Saturday, July 9, 2016

"The Purge: Election Year" Review

The Purge: Election Year is the worst movie of the decade. This combines the worst traits of American filmmaking - the excess, the preaching, racism, sexism, and uncontrollable need to dress up trash as satire - to make a depraved, incoherent stain on decency. And I'm ashamed to have watched it.

The Presidential election is between NFFA (New Founding Fathers of America) candidate The Minister/Donald Trump (Kyle Secor) and Senator Charlie Roan/Bernie Sanders (Elizabeth Mitchell), who's promised to abolish the Purge. She claims the one-night endorsement of crime is a mass execution of minorities and the poor disguised as moral cleansing. 

On Purge Night, Roan is attacked by NFFA-hired mercenaries (sporting Nazi, Confederate, and probably "I always park in two spaces" patches).
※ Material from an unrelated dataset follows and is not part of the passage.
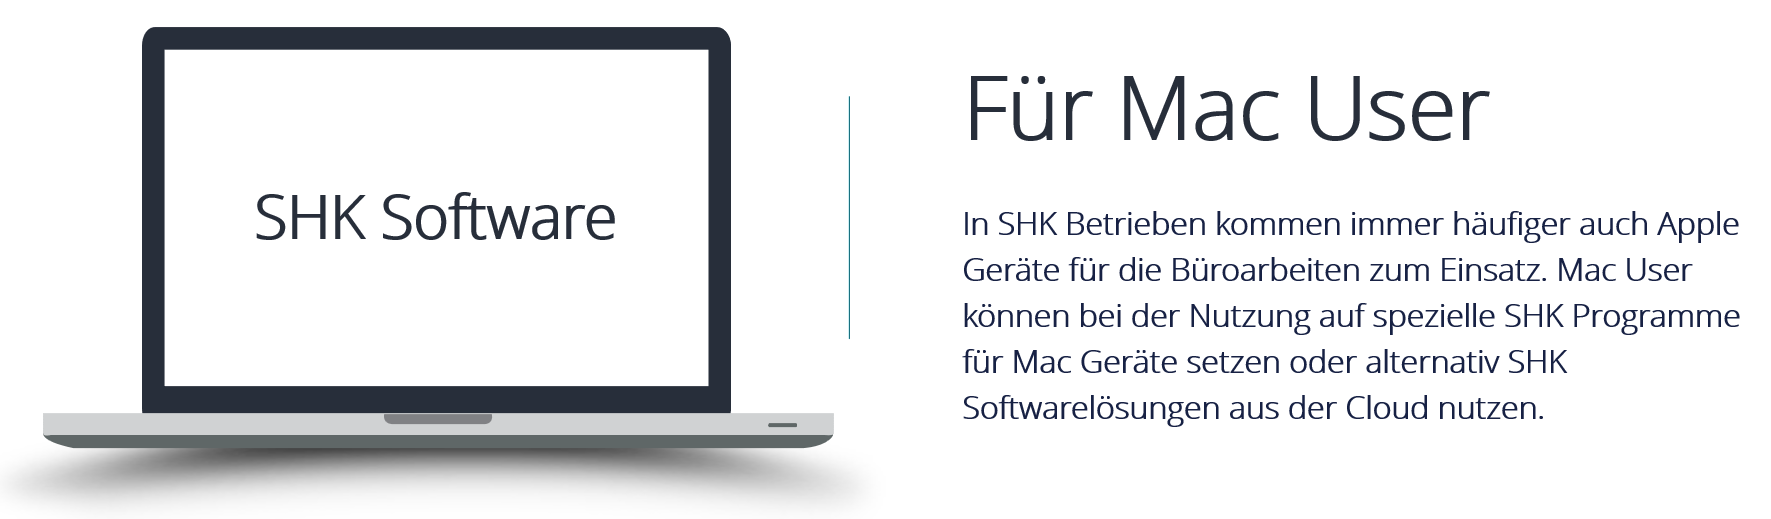 Beitragsbild - SHK Software für Mac User
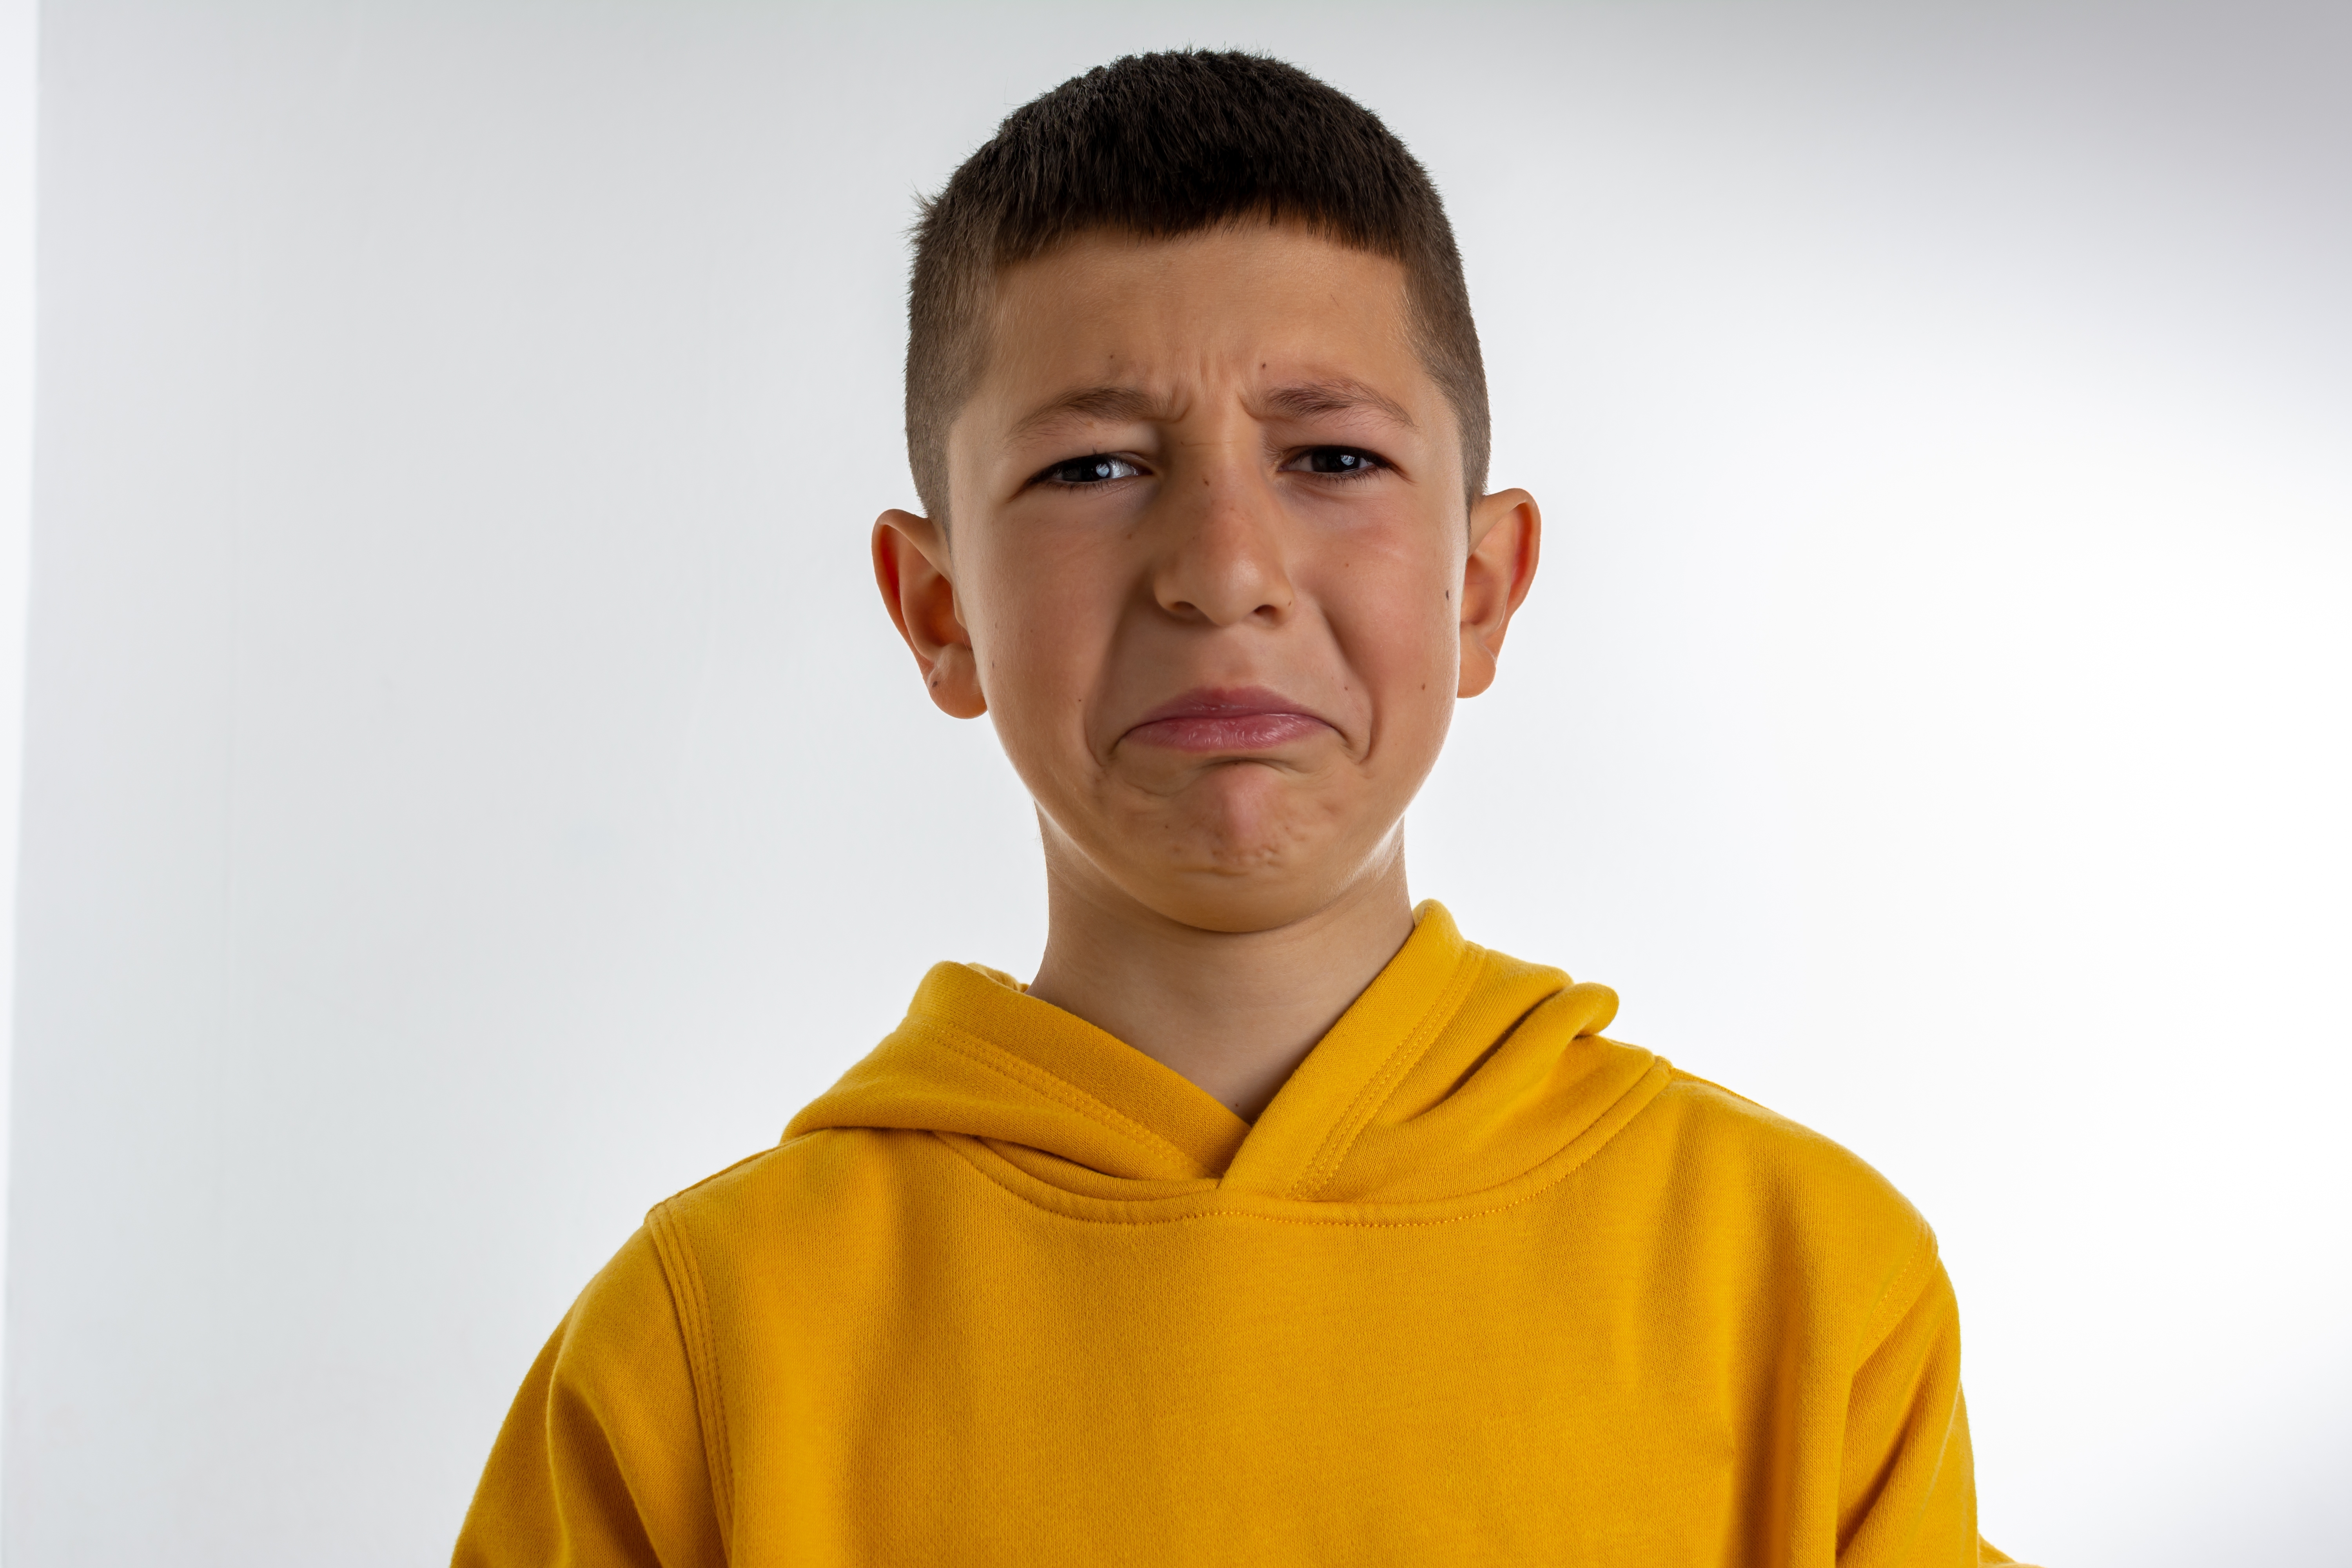 Ein kleiner Junge weint | Quelle: Shutterstock

She escapes with the help of bodyguard Leo Barnes (Frank Grillo) and together, they have to survive the night, fighting off mercenaries, Purgers, and the NFAA. Along the way, they befriend a deli owner (Mykelti Williamson) and his employee (Joseph Julian Soria), a doctor who drives around caring for victims (Betty Gabriel), and a band of revolutionaries whose leader (Edwin Hodge) wants to take out the NFFA in a less diplomatic fashion.

To this franchise's one credit, the world continues to grow and explore new possibilities. This comes at the detriment of not explaining the details from previous movies. In a Hunger Games-style snafu, we know nothing of the NFFA - who started it; why The Purge and not any other idea was approved; why the American public got on-board; what catastrophe led people to such desperation to accept it; how businesses function with the annual steep, sudden loss of labor. This is the third movie of the franchise, and writer/director James DeMonaco (who's helmed all the movies) continues to dance around these essential world-building questions.

DeMonaco puts the same care into the characters. When not spewing such cringe-worthy lines as "Is the c--t close?" and "I've come for my candy bar!," they decide to commit every stupid thing possible. They stay outdoors in the middle of the street, just watching an old woman burn her husband to death or a young woman in a pig costume take a chainsaw to a door. Did I mention that Roan refuses to barricade herself, despite being a highly controversial presidential candidate and having the security to do so? It's all in the name of experiencing what most people do, she says. Personally, I want a president who appreciates the value of self-preservation.

Grillo and Mitchell do what they can with the material, looking defeated. Others, such as Williamson, have more confidence, but loathsome dialogue. As the deli owner, Williamson delivers such enlightening comic nuggets as "There are a whole bunch of Negros coming this way. and we're looking like a big ol' bucket of fried chicken!"


I'm writing this a few days after the cop shooting here in Dallas. A veteran took to the streets and murdered, fueled by a twisted sense of vengeance. The movie would have you consider this an unfortunate parallel, a real-life example of the psychopathic violence it seemingly rails against. But here's the difference. Thursday night, I read stories of grief, pain, and anger, but just as many of resolve, healing, and above all, hope. In Election Year, there is no hope.

You may say "Well, this America is supposed to be too far gone!" To that, I ask "Do we want it to be?" Should we blindly accept, with the film's hedonistic celebration, the worldview that America is destined for a self-destructive class war? I'd be more accepting if DeMonaco took his subject seriously. But the killer in a George Washington mask gives me room for pause.

This is grisly and sensational, without the charisma, style, intelligence, or substance that can make it permissible. When there's innocent blood on the streets, this gleeful brand of nihilism is irresponsible. Don't jump the gun and think I'm calling for a ban. But for those calling this simple, crazy escapism, don't kid yourselves. Call it what it is: TRASH.

Thank you all for reading. I'm the Man Without a Plan, signing off.